Brief — Starting at the line below that contains "Download wallpaper 938x1668" and ending at the line that contains "Alutaguse Valla Arengukava", retype each line exactly as it stands, but omit the pictures.

Records for the exercise —
******

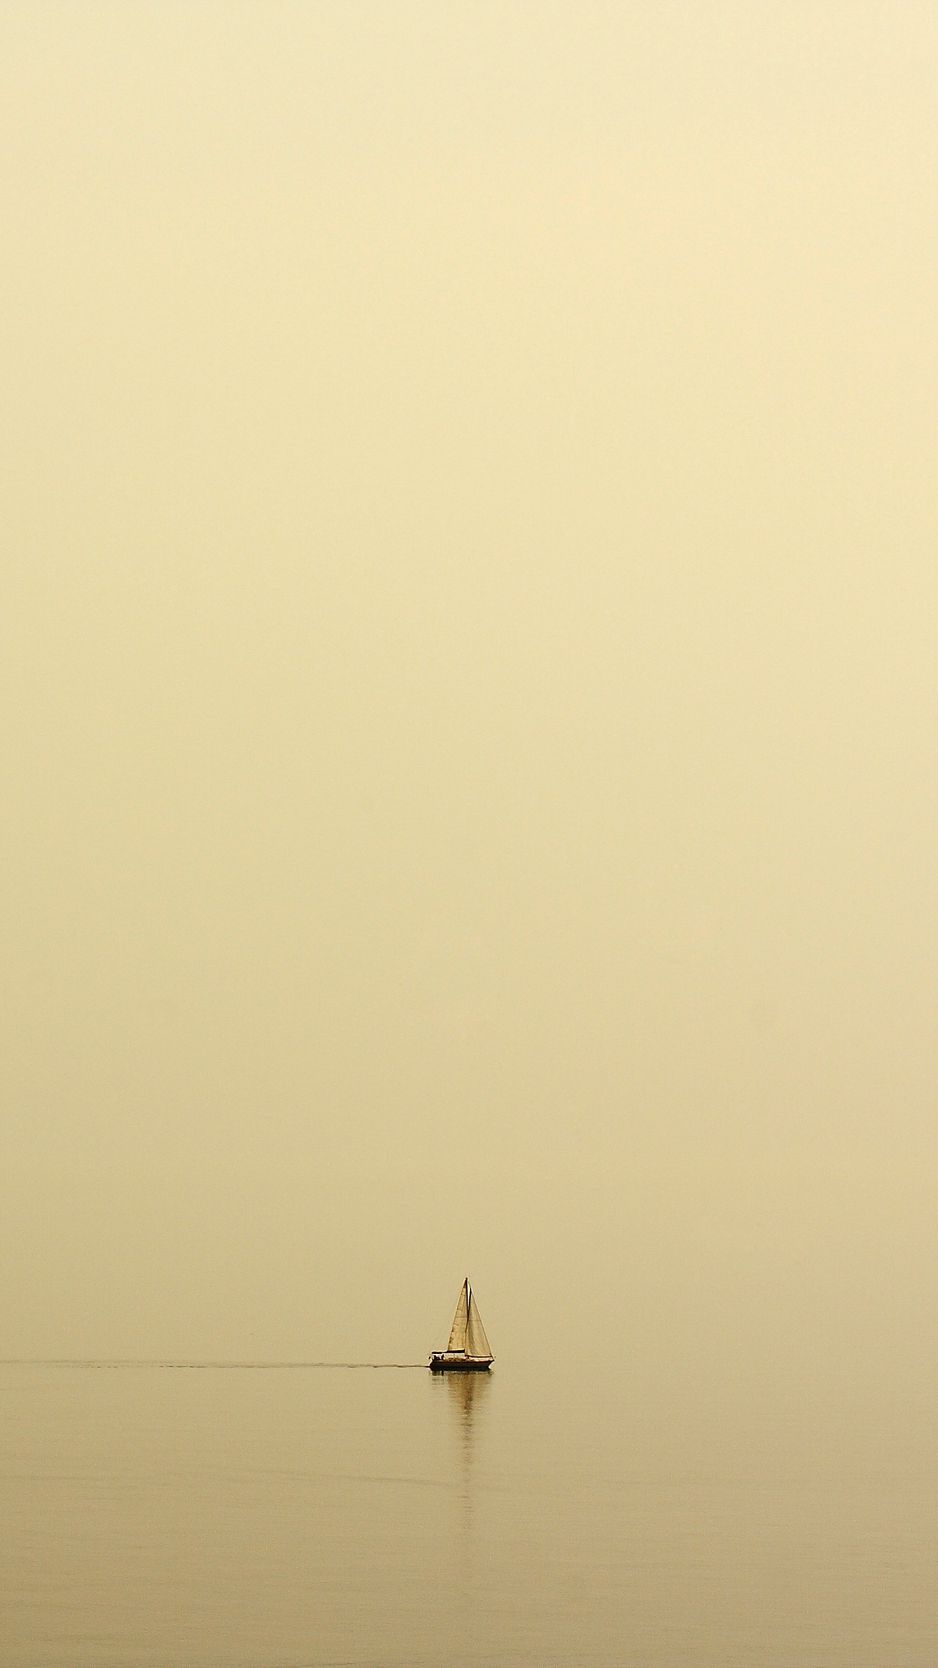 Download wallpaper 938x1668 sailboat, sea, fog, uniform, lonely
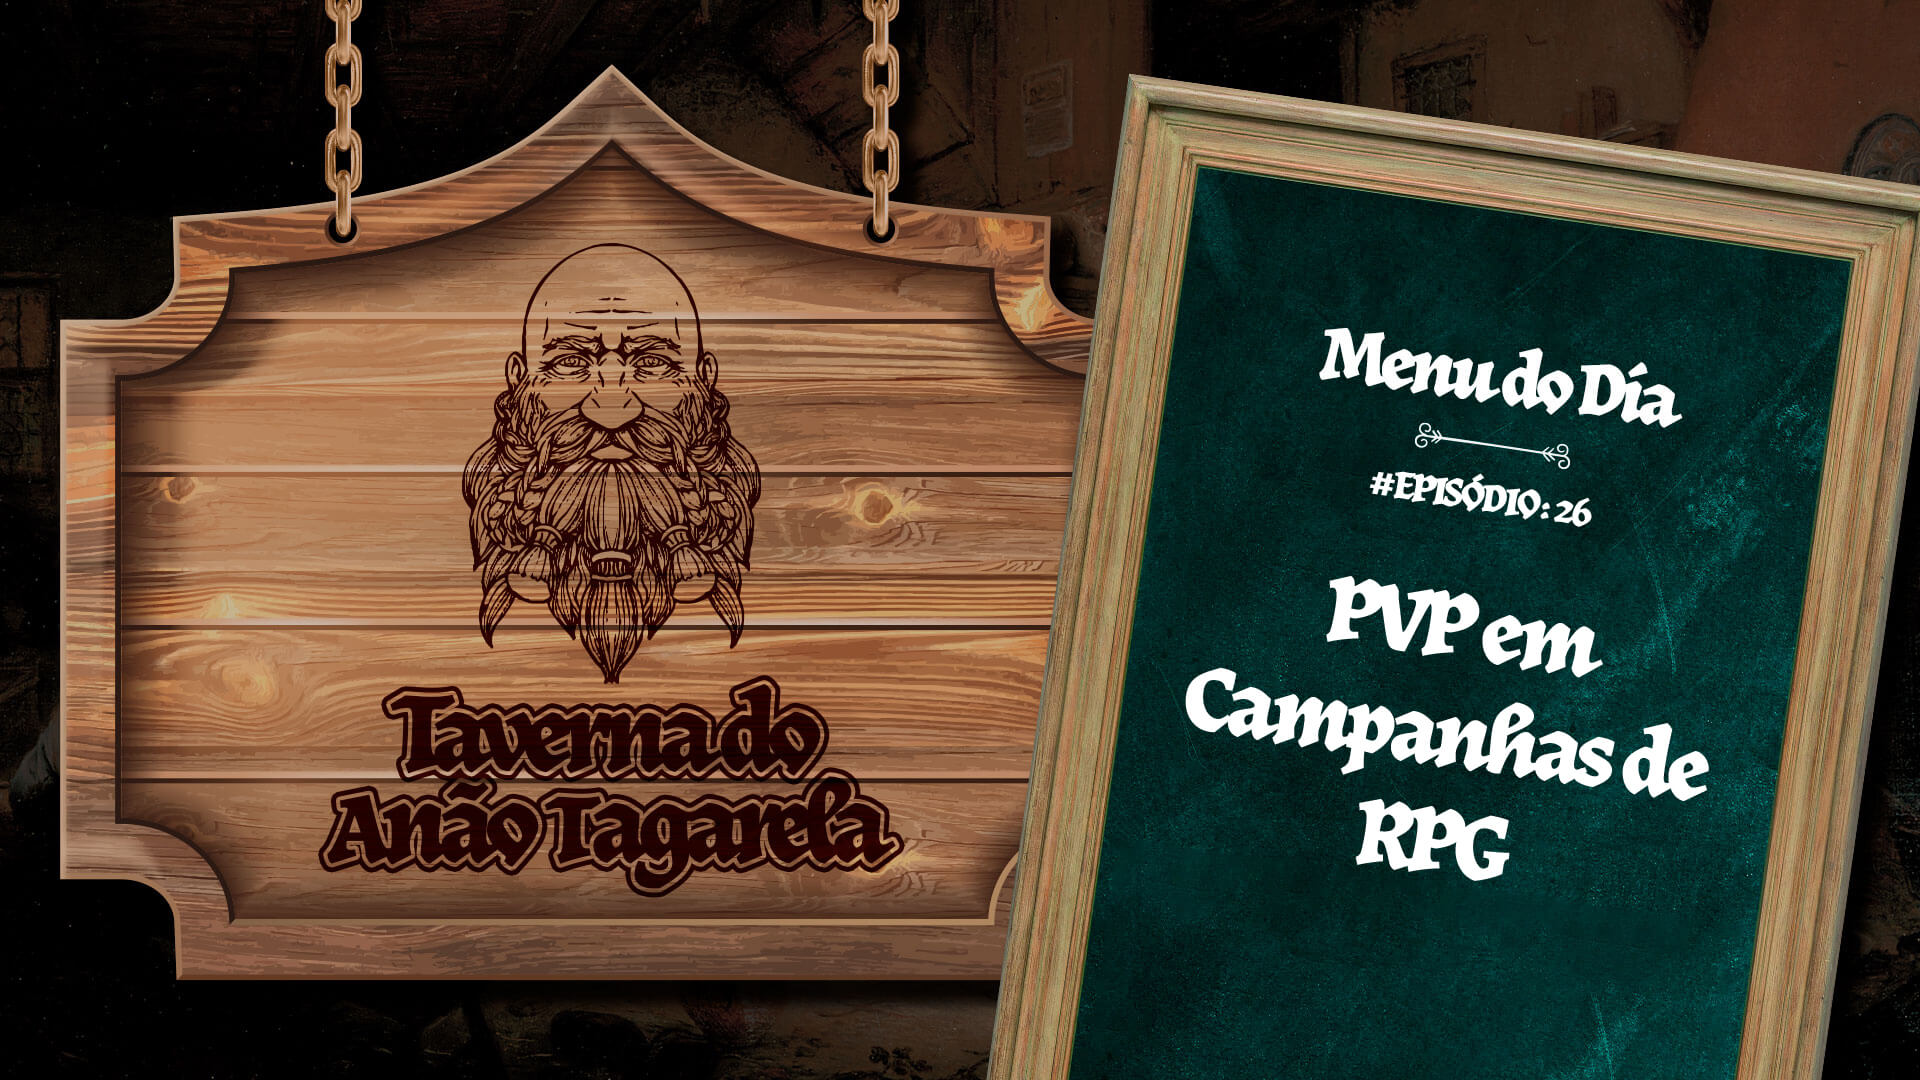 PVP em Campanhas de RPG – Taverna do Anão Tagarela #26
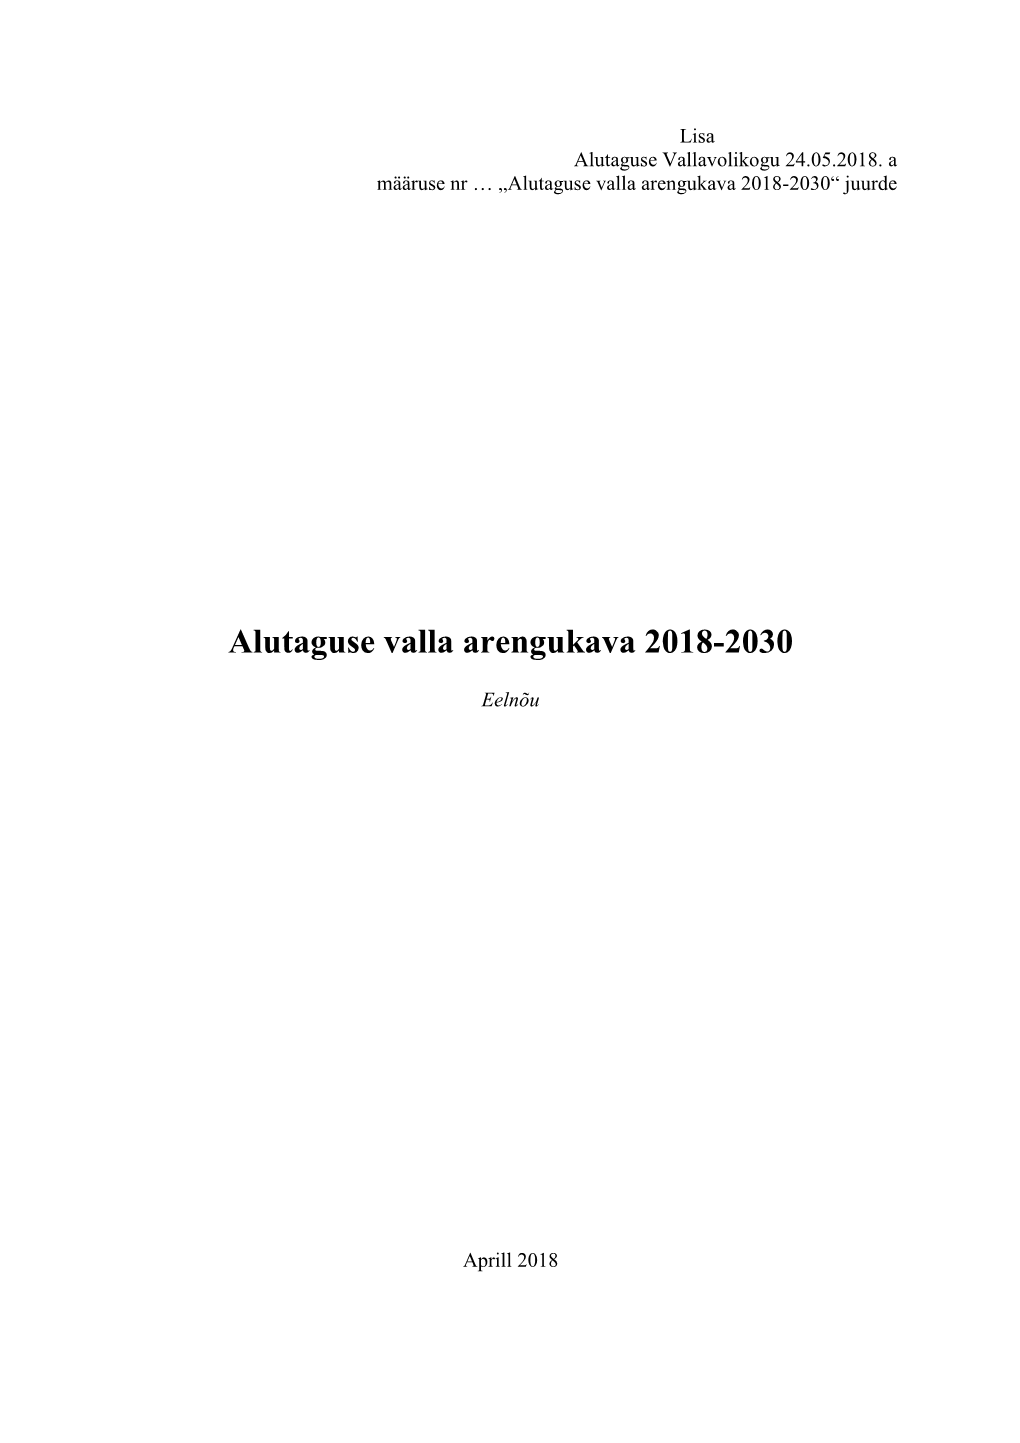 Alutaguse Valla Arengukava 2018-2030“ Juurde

******

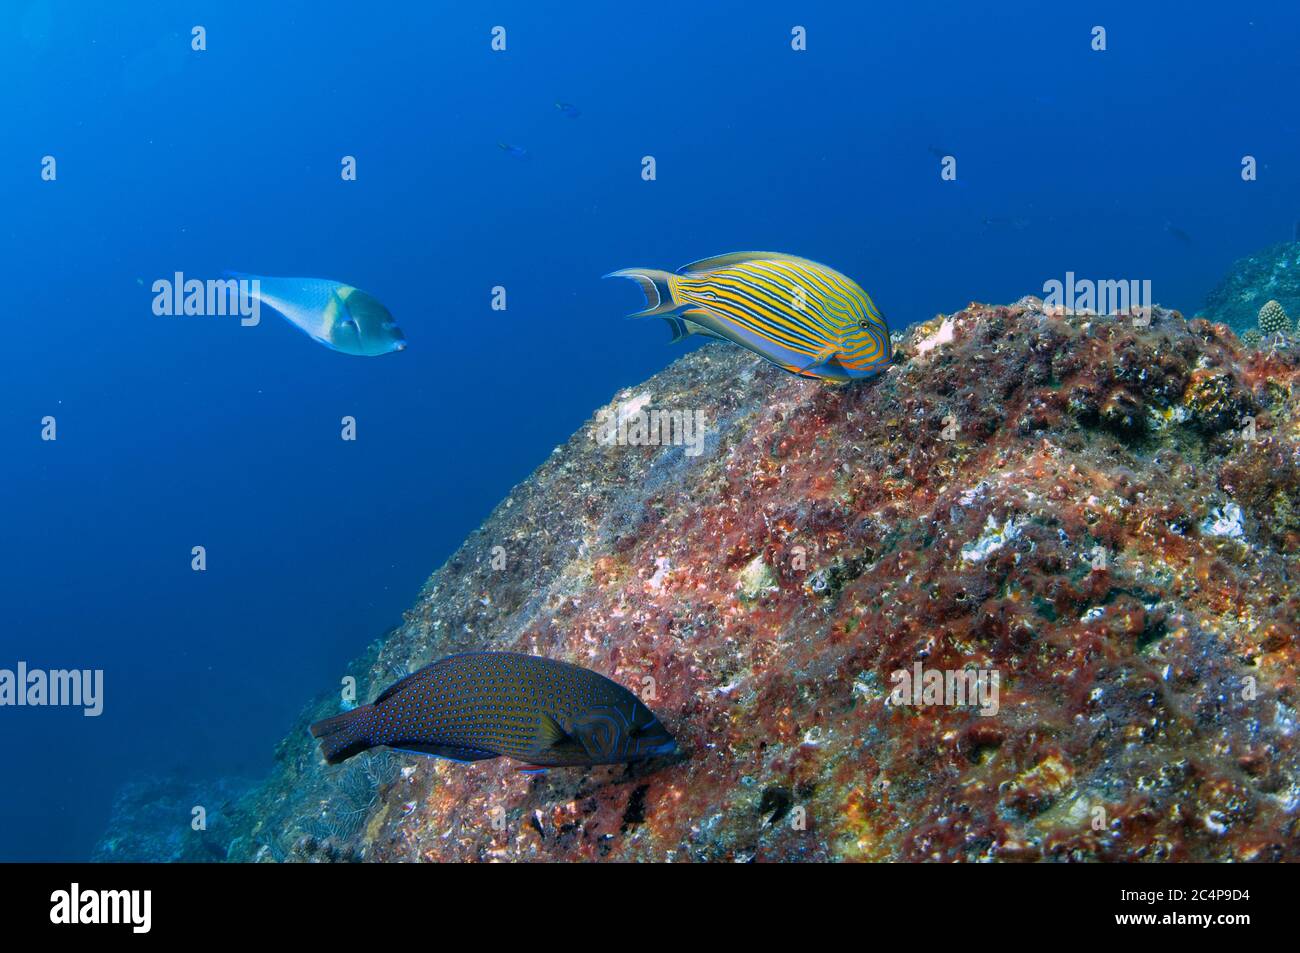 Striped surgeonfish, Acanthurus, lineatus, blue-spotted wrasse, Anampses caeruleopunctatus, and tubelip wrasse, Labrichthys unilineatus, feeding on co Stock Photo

******

Response below —
 Download wallpaper 938x1668 sailboat, sea, fog, uniform, lonely
 PVP em Campanhas de RPG – Taverna do Anão Tagarela #26
 Alutaguse Valla Arengukava 2018-2030“ Juurde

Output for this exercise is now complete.